::: Data block :::

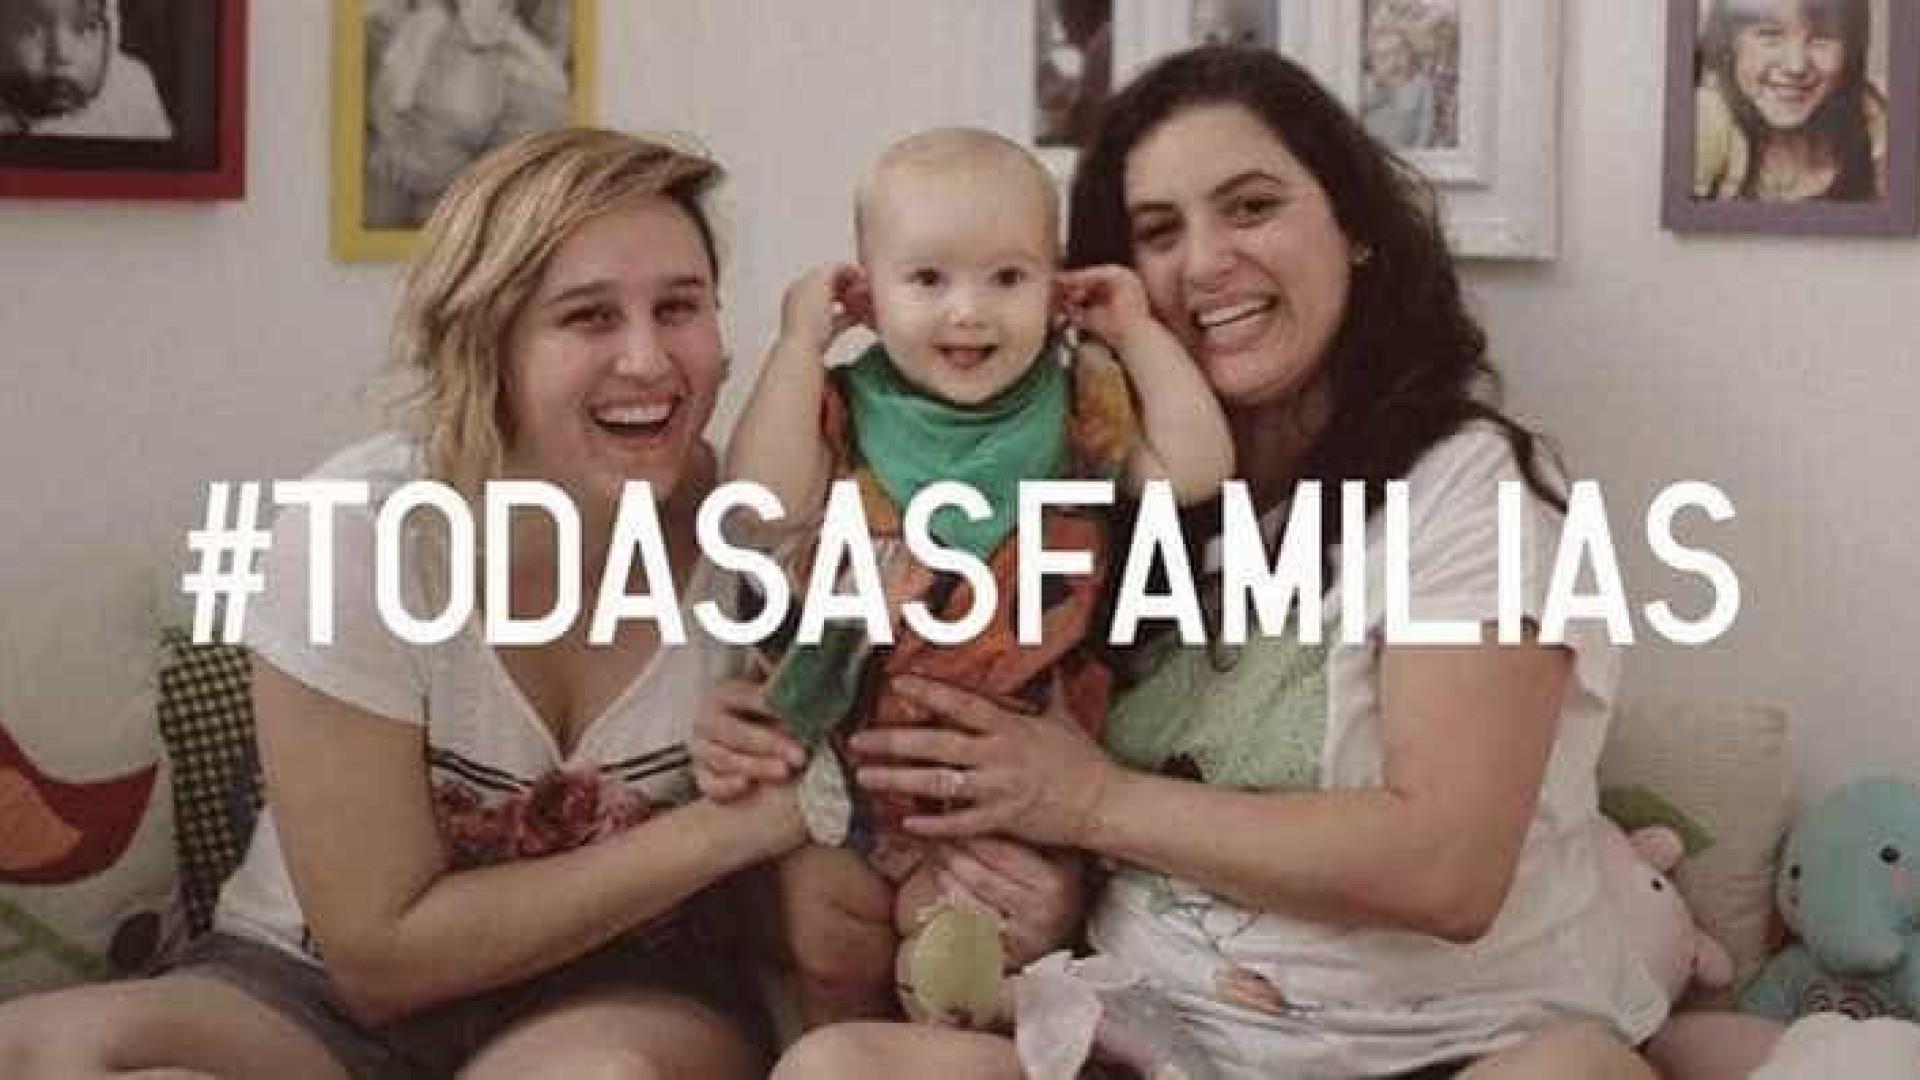 Dicionário Houaiss pode mudar o significado  de família; assista
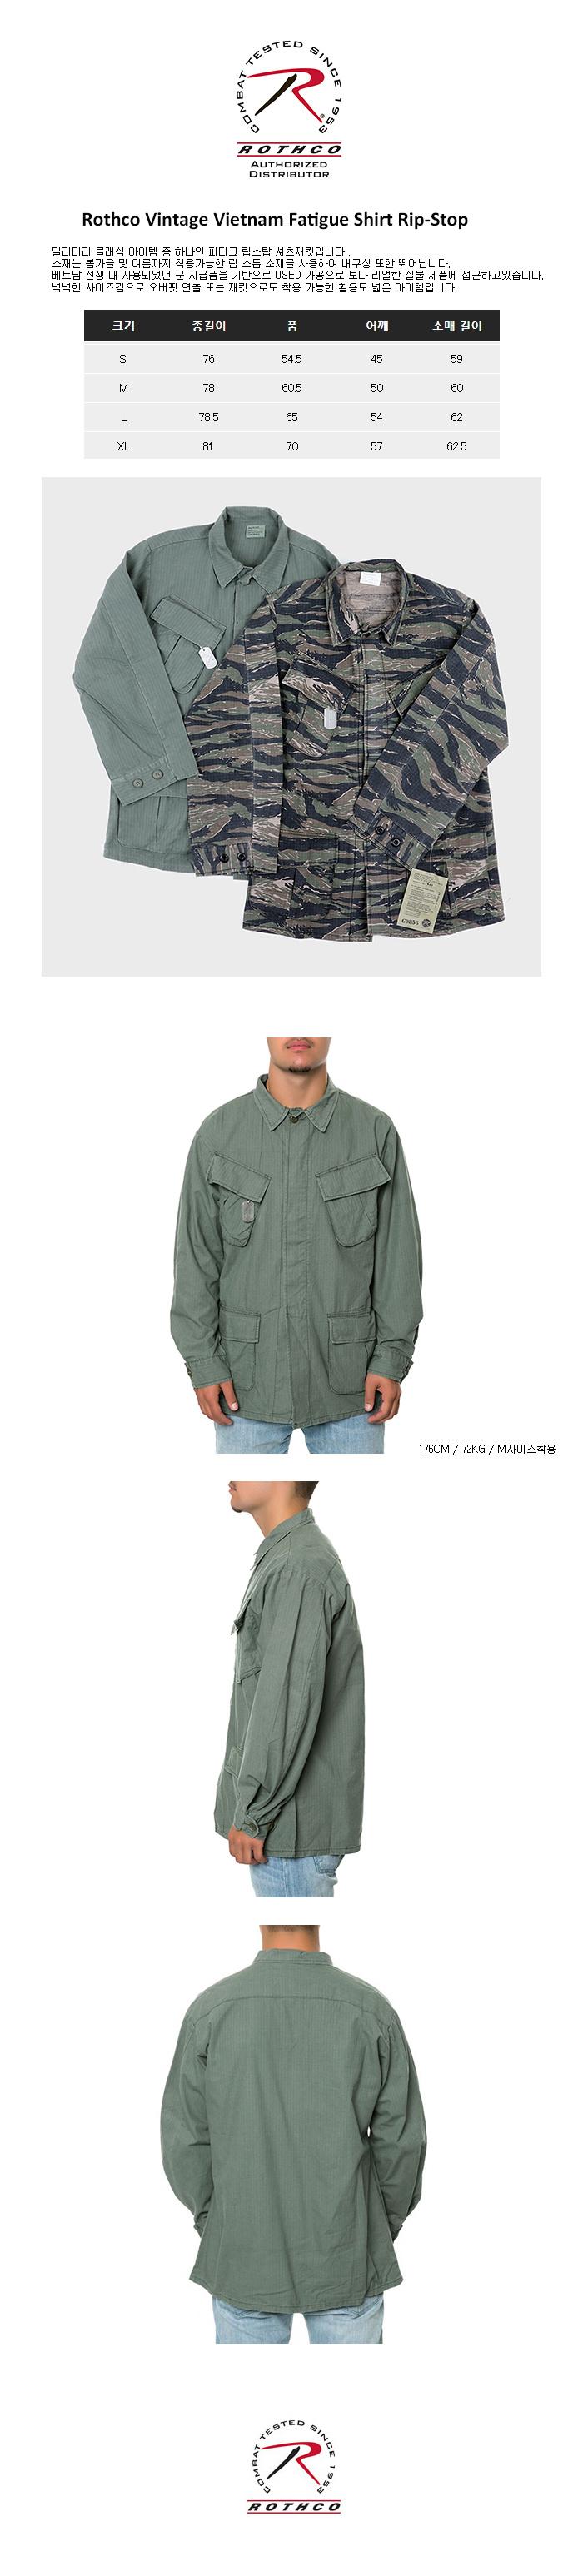 로스코(ROTHCO) [국내배송] 빈티지 베트남 립스탑  퍼티그 셔츠
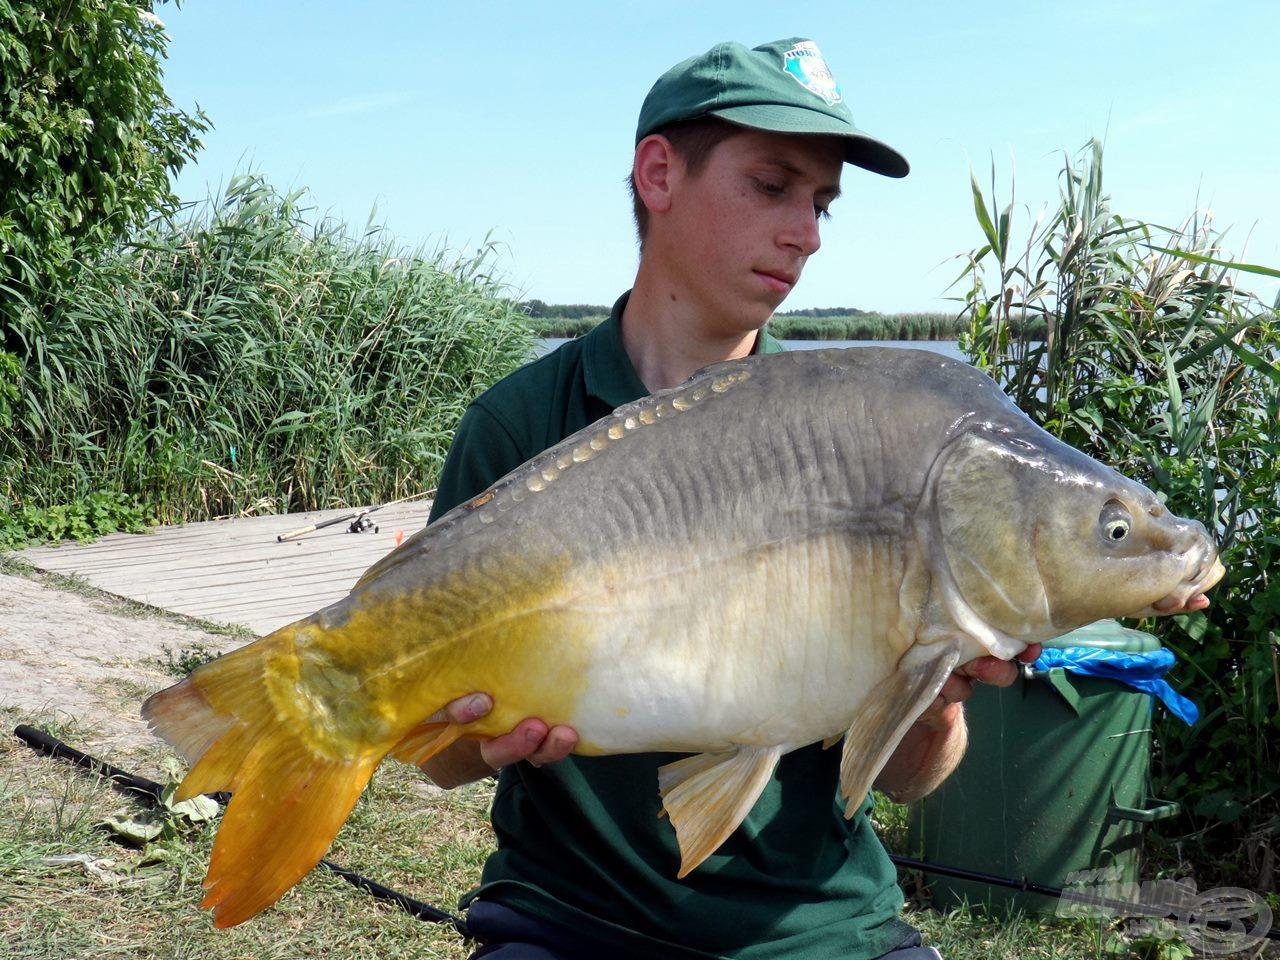 Gyönyörű, öreg, pocakos tükrös, mely a horgászat legnagyobb hala lett
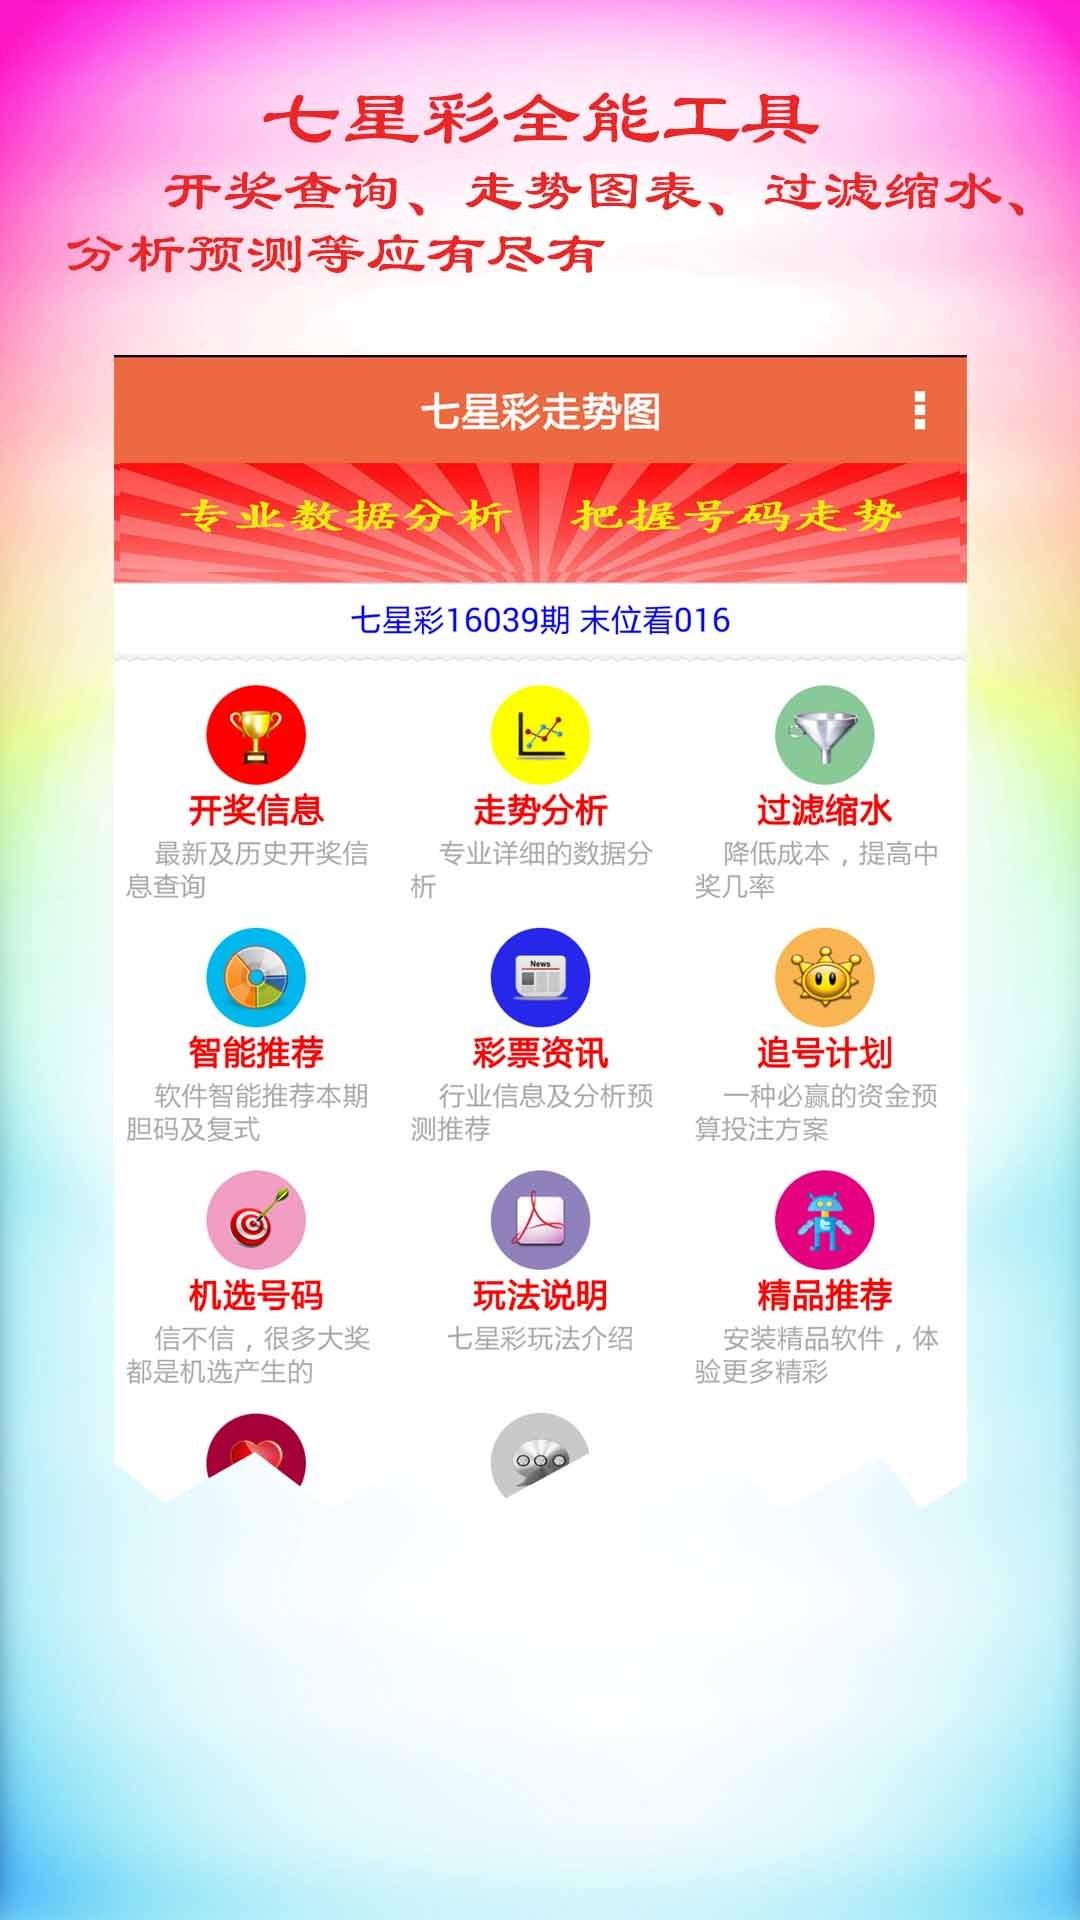 七星彩走势图手机版下载|v4.2.87官方2020手机

:::

• Exercise directions:
Write out the lines of the listing from the one that holds "로스코(ROTHCO) [국내배송] 빈티지" to the very last line, both included, exactly as they appear and without any pictures.

• Output below:
 로스코(ROTHCO) [국내배송] 빈티지 베트남 립스탑  퍼티그 셔츠
 Gyönyörű, öreg, pocakos tükrös, mely a horgászat legnagyobb hala lett
 七星彩走势图手机版下载|v4.2.87官方2020手机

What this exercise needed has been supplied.